None of this may be important in the aftermath. What is significant is that the danger passed as quietly as it had arrived.

What did happen was a gradual bleeding off of the hydrogen that had formed on the top of the reactor. It was a delicate balancing act in which engineers and specialists experimented with varying pressures in a band somewhere between 900 pounds per square inch and 1,100 PSI inside the reactor's primary coolant system.

The coolant then carried the hydrogen in the form of small bubbles to the pressurizer, a cylindrical dome that rose slightly higher than the reactor. Nozzles inside the pressurizer sprayed the hydrogen-laden coolant into the top of the pressurizer where it gave off the hydrogen like fizz from a soda pop. A vent in the top of the pressurizer allowed the hydrogen, which was radioactive, to escape into the containment building.

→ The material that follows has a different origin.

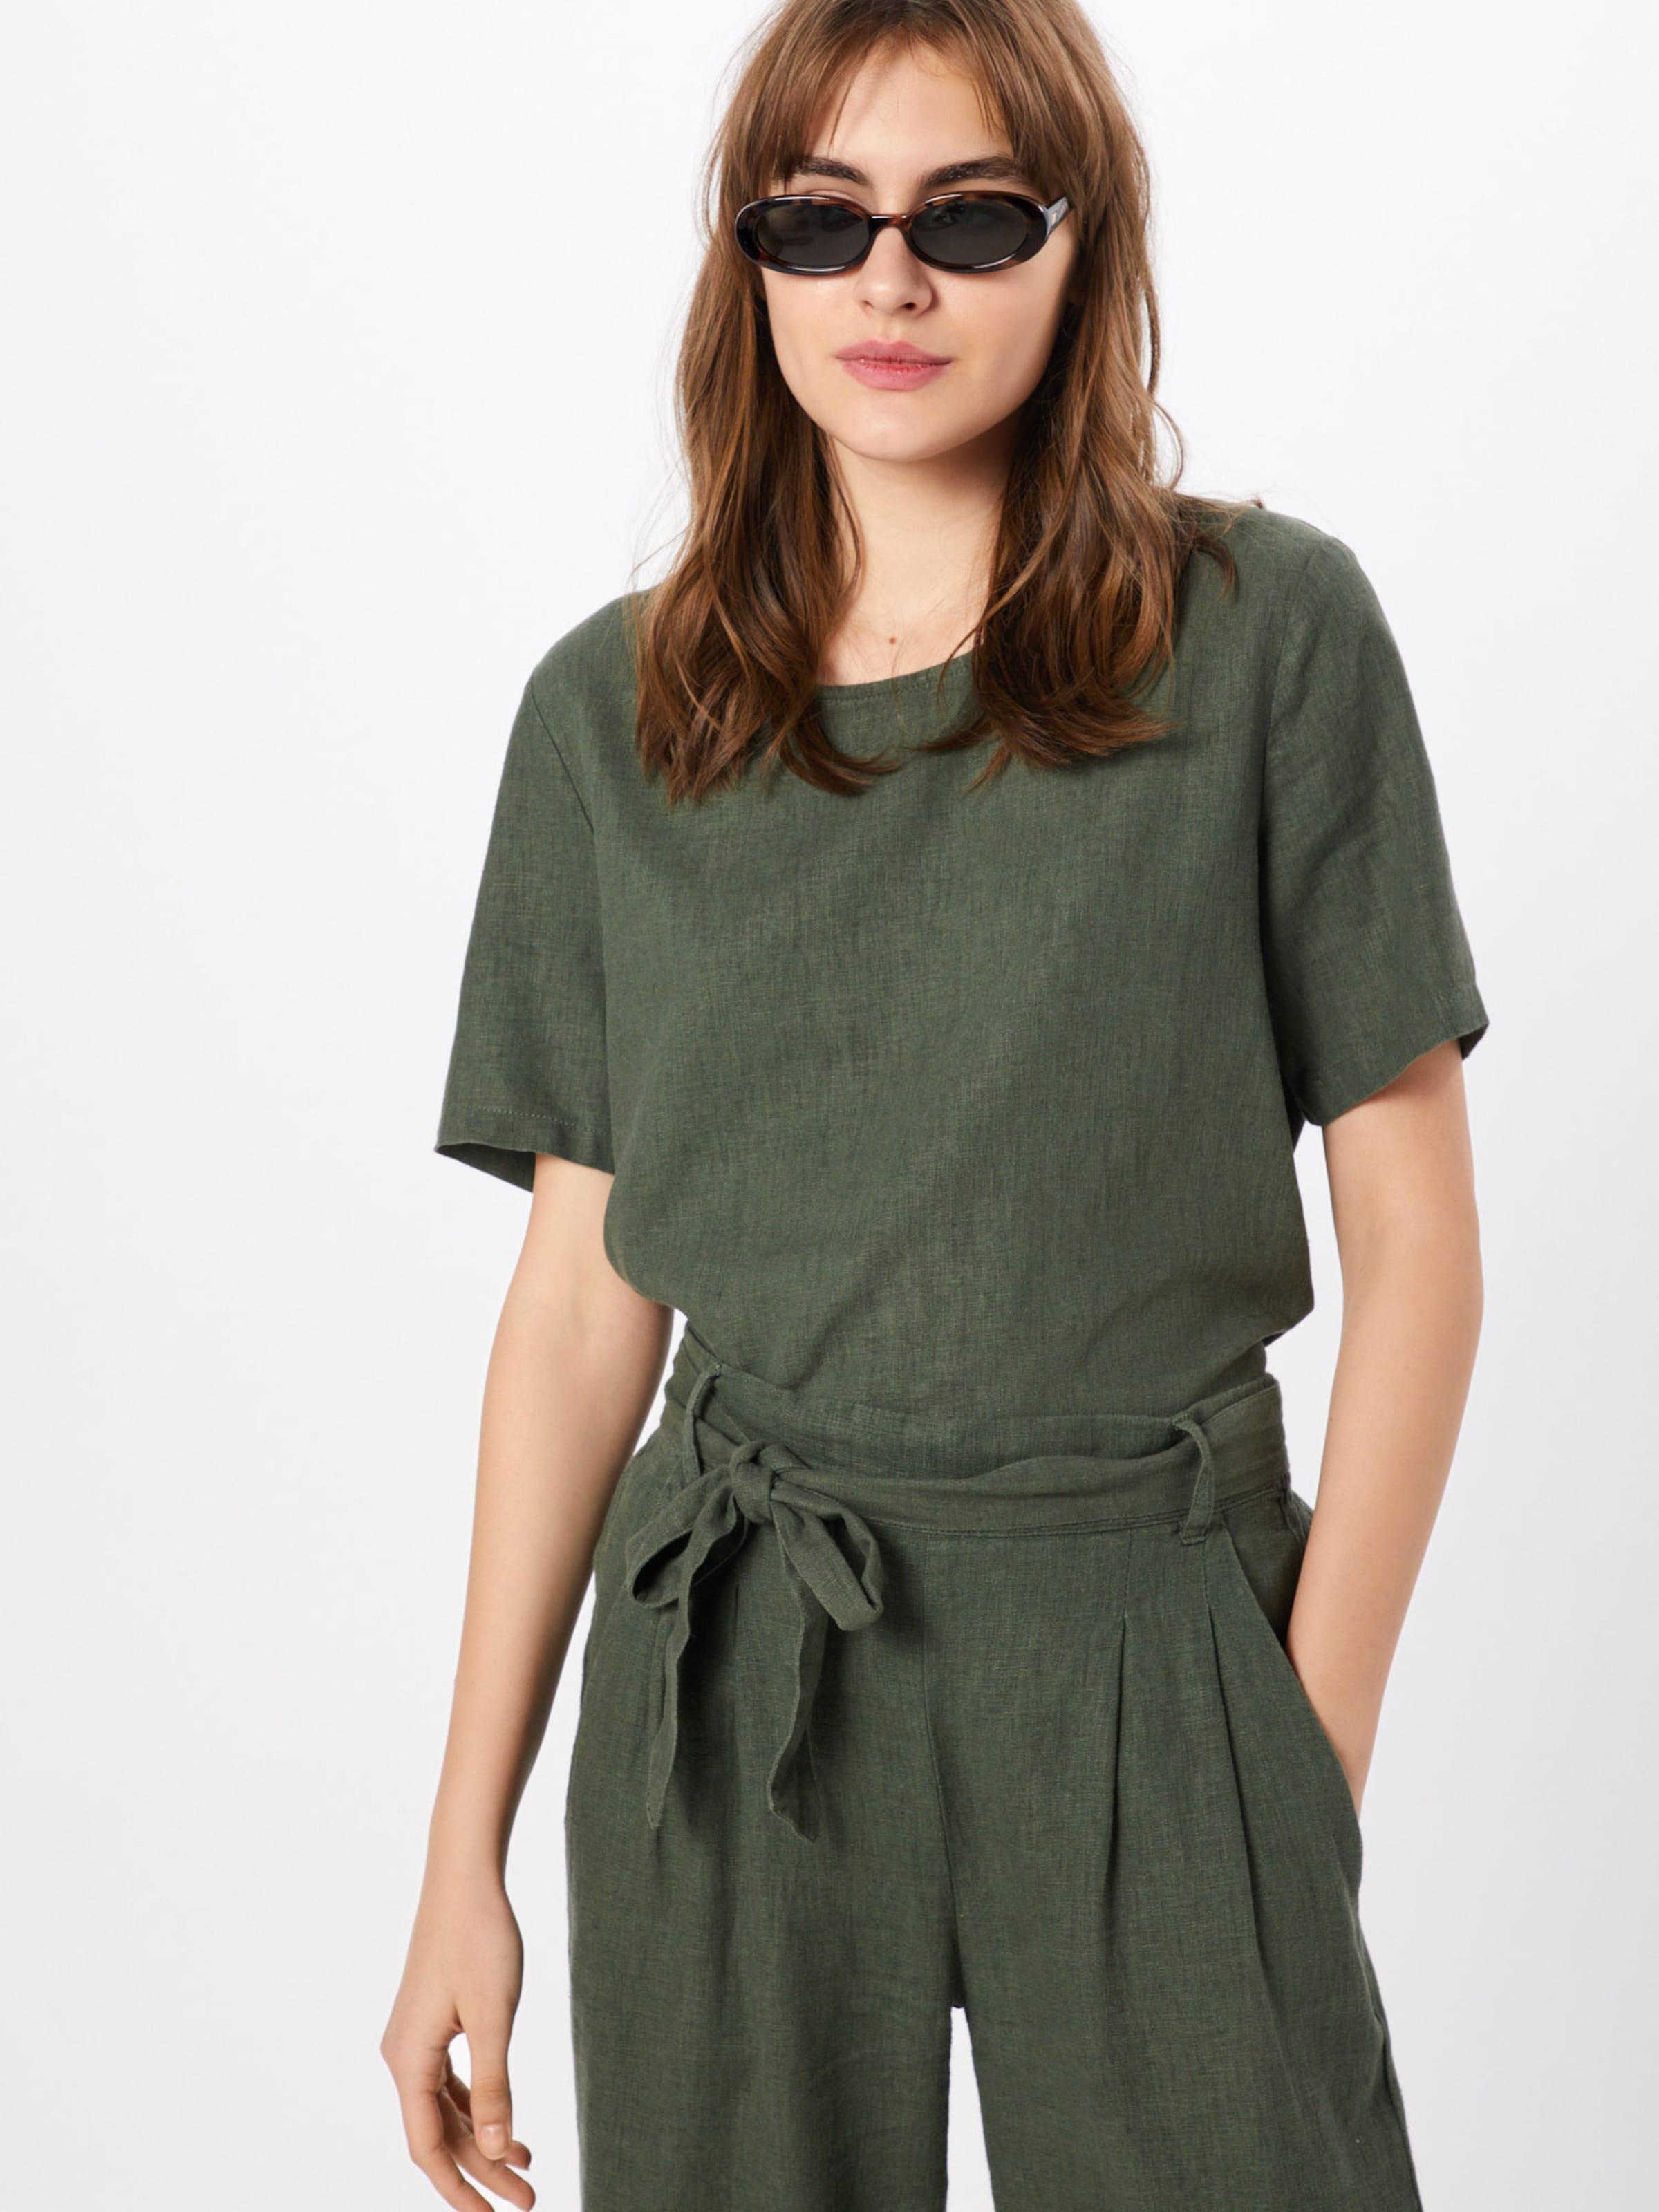 De Nuit Yong 'jake' En Jacqueline Bleu T shirt dBoeCx

In the containment building, hydrogen and oxygen were converted back into water by devices called recombiners.

The problem with the recombiners – which were not ready to go when they were needed – was that their controls were in the auxiliary building where the radioactive waste water had been dumped. So Met Ed quickly had rounded up tons of lead bricks from places like the National Cancer Institute. They arrived in hurried shipments to the plant on the backs of flatbed trucks and in the bellies of C131 cargo planes flown into Harrisburg throughout the long days and nights. They were cemented in place igloo-fashion over the recombiner control panels.

When everything was in place the recombiners were turned on and the system worked.

So the crisis of the bubble was over, for all practical purposes. A slow trickle of evacuees began returning to homes in the area, still uncertain of the denouement of the ongoing emergency at Three Mile Island, but a bit more relieved.

It was now, as before, an event which seemed so grim for all its awesome potential that the only remedy was to smile. At the Middletown Elks Club, they renamed the standard cheeseburger "The Meltdown." A bowl of chili with beans became the "bubble buster."

Bob Davis, a caseworker at the Dauphin County mental health crisis intervention center, thought a letdown surely would come, maybe not this week or next, but there would be a letdown.

"When this dies down, I think it will hit us," Davis said that afternoon. "A lot of people will want to talk about what they went through, that they felt inadequate in the crisis and embarrassment at being scared."

Very likely, but at his meeting with the president the day before, Thornburgh said something that had caught a flash of what was going on. "Pennsylvanians are tough people," said the governor. They had to be.